The police officer asks the guy ” Are you trying to play a game with me son?” understandably confused the guy shakes his head asking the officer what it is that’s bothering him so much and the police officer asks him to describe the police officer that pulled him over to him, as he finishes he notices that Mr. Officer is looking a little pale. After asking what is wrong the other man looks him dead in the eye and replies. “Well, you see that ticket? Looks new to me, but can’t possibly be new. The officer you just described, the one who supposedly wrote that ticket out for you has been dead for more than ten years.”

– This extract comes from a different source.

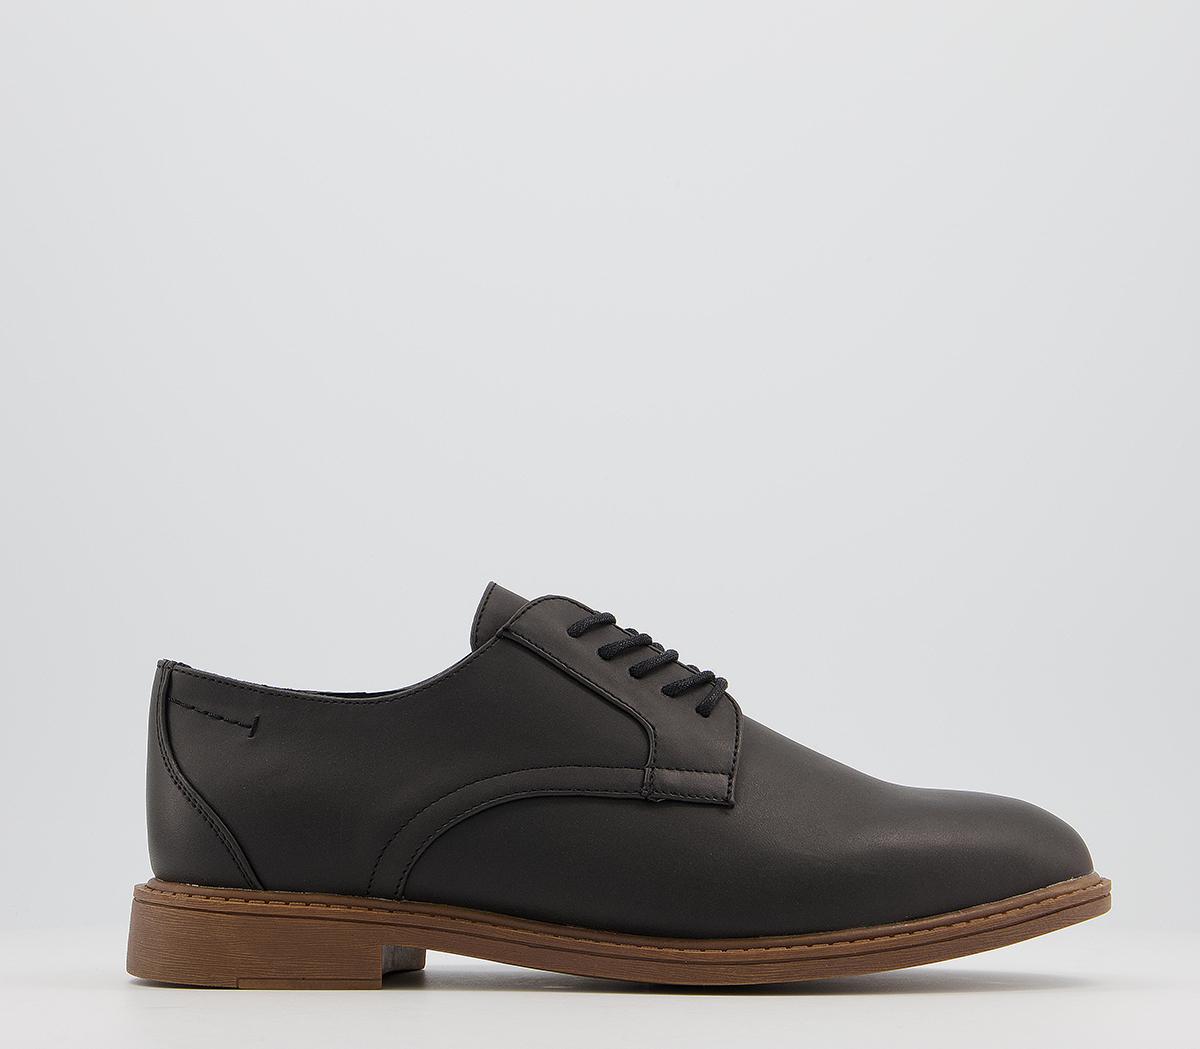 OFFICECallow Derby ShoesBlack

The above story is usually told the exact way, sometimes the driver is parked in a no parking zone, or has his headlights off at night. No one is exactly sure the origins of the story, but it’s almost always at night, and the dead officer has almost always been dead for “more than ten years.” Although no one reports the officer as being dangerous or violent in any way, it is suggested that if you ever see a police officer trying to pull you over while driving through Golden Gate Park that you do not pull over until you are out of the park as supposedly the ghost cop can not leave the park, makes one believe that maybe he or she is tied to the park in some way. Although trying to explain to the police officer pulling you over about why you didn’t do so immediately was because you thought he was a ghost may garner you some odd looks or a trip to your local psych ward!